Вне охлаждаемого вагона было даже не столько тепло, сколько жарко — в нашей-то весенней одежде. Мы жмурились от не по-вечернему яркого солнца, точно коты у камина.
На стене главного здания вокзала красовались крупные металлические буквы.
— «Курск»? — удивленно повернулся ко мне Антон. Благодаря расписанию станций и моим сборам в купе он понял значительно раньше, в каком городе мы выйдем, но кое-что не сходилось: — Я думал, мы едем в место на «Л».
— Едем, — кивнул я и направился к высоченным вокзальным дверям. Солнце скрылось за тучами, подул знакомый прохладный ветер, будто бы привезенный с собой. — Но еще не приехали.
====== Глава 116 ======
Из окружения вишневых стен и белых пузатых каменных оград по пояс в стиле старинных усадеб мы нырнули в величественный пустынный холл вокзала, где шаги отдавались гулким эхом, взлетали до недосягаемого потолка и оседали там пылью на мельчайших уступах.

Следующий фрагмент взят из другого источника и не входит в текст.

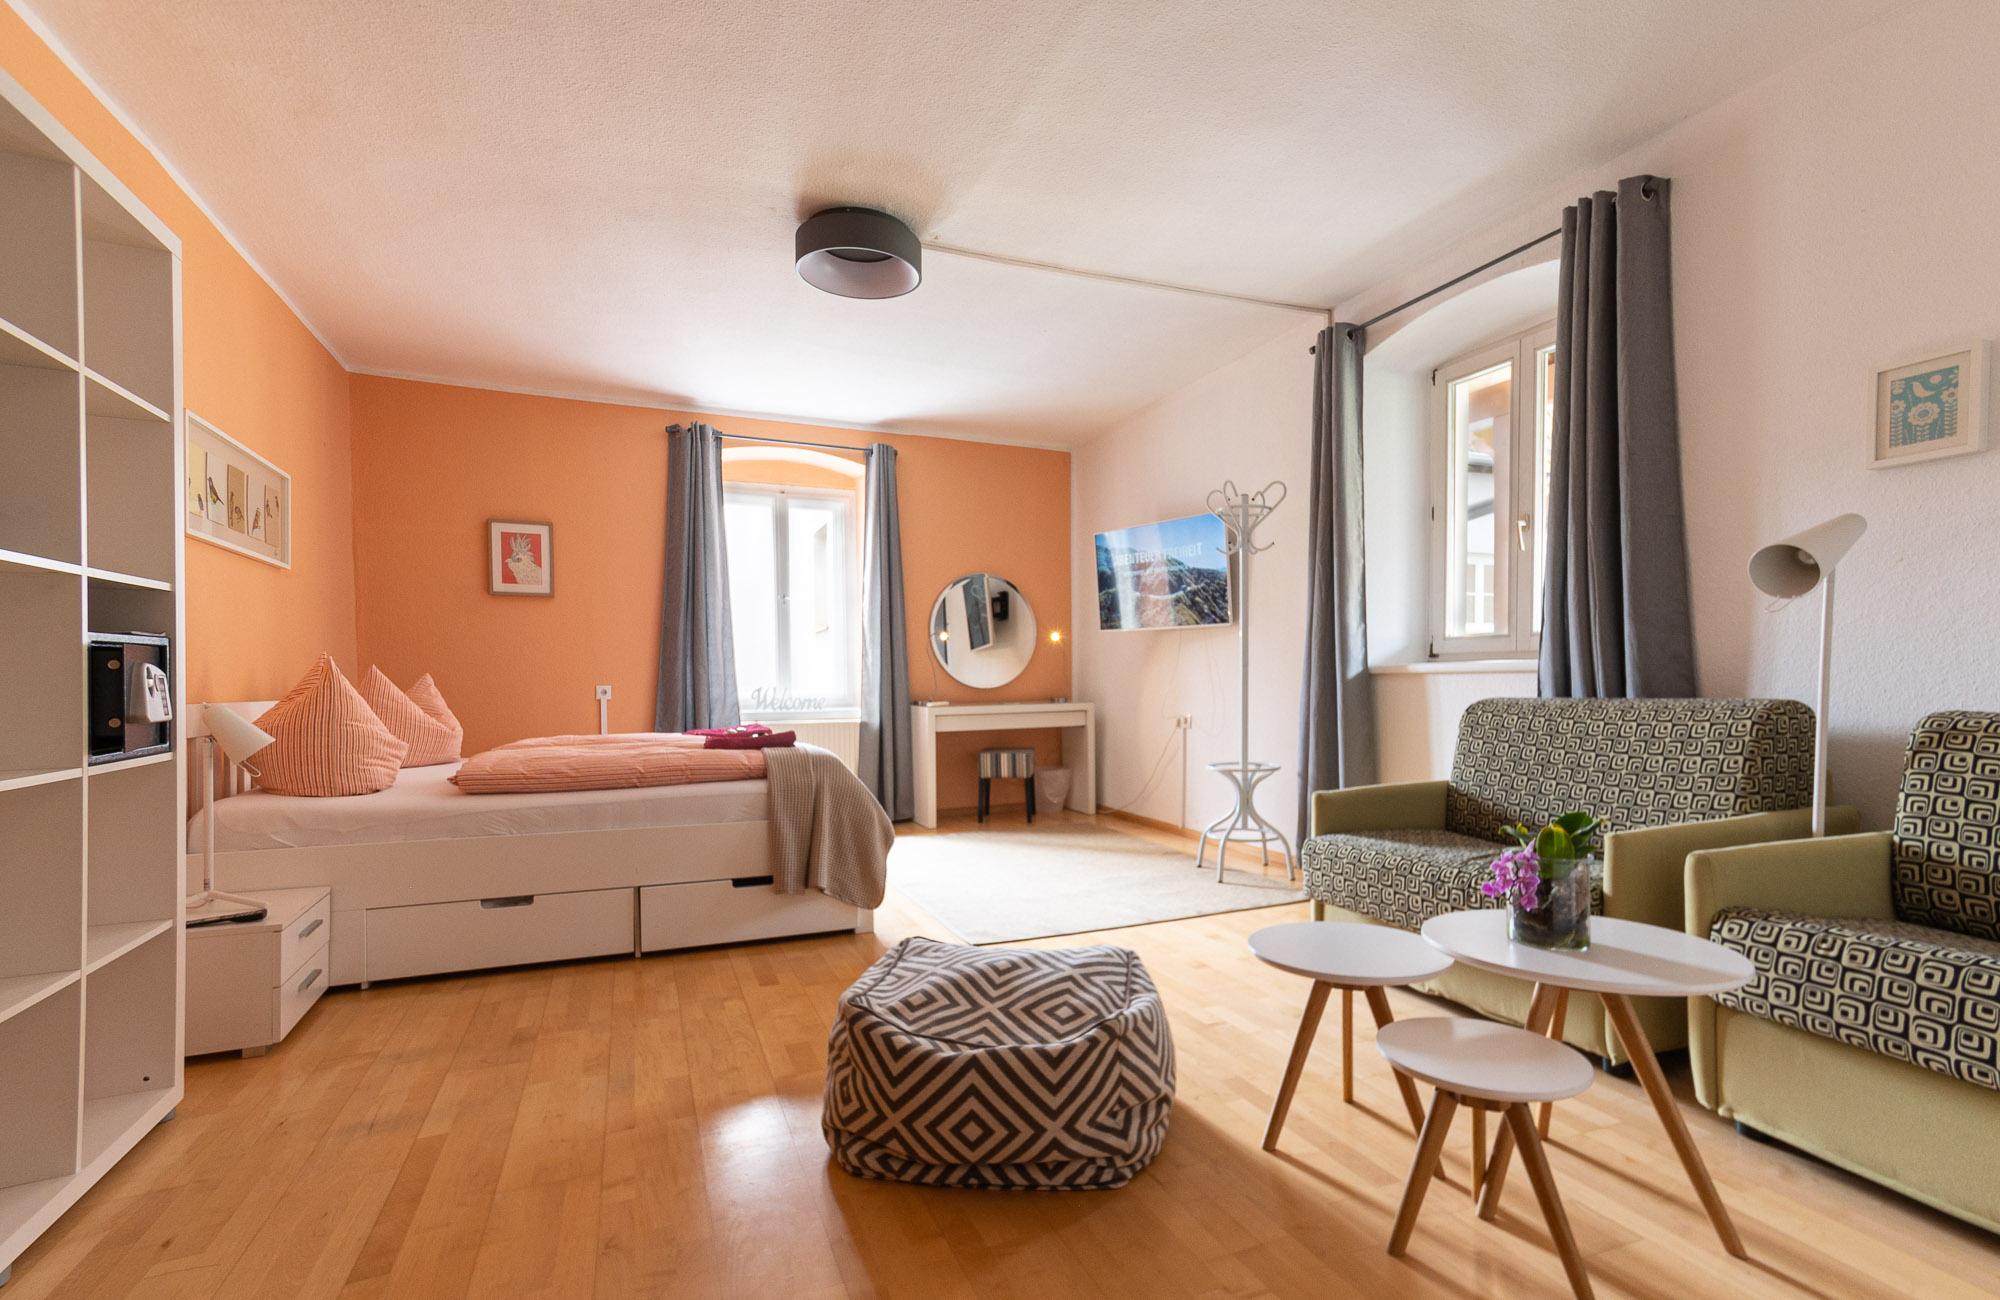 Absteige Innsbruck, Ferienapartment, Schlafzimmer

В детстве я был заложником решений взрослых: раз за разом, отправляясь по тому же маршруту в конце каждой весны, я около двух часов вынужден был проводить под палящим солнцем (и в «смертельной» для ребенка скуке) на платформе в ожидании электрички. Время двигалось не быстрее улитки, я изучал глазами асфальт, множество сумок, рыжие и желтые бархатцы, пламенем волнующиеся на жарком ветру, — отвлекался на что угодно, лишь бы не сойти с ума, и думал, что это — самый худший расклад! Однако расписание поездов играло со мной куда более жестокую шутку осенью, при возвращении в город: плацкарт отбывал через пару минут после прибытия электрички — с тяжеленными сумками, бьющими меня по ногам, взрослые бежали по наземным переходам с платформы на платформу, волочили по ступеням за руку меня, боящегося опоздать еще сильнее, ведь свою панику показывают они — те, на кого бессильный ребенок надеется… Мы не опоздали на поезд ни разу, и иной расклад был для меня смерти подобен до тех пор, пока не связанный со мной кровными узами молодой дядя, отец Лизы, таки не успел пересесть с электрички на поезд. Он рассказывал, смеясь, что прибежал к платформе в последнюю минуту, а двери уже были закрыты и поезд уезжал прочь, набирая скорость и глумливо посмеиваясь стуком колес. Для маленького меня такой поворот истории был сродни съеданию Серым Волком Красной Шапочки! — но дядя заплатил таксисту, и на одной из станций с долгой стоянкой они нагнали поезд. «Happy end»! Помню, сидел ошеломленный и не мог поверить сделанному выводу: «А что, ошибаться не смертельно?.. Можно… все исправить, если где-то напортачил?..»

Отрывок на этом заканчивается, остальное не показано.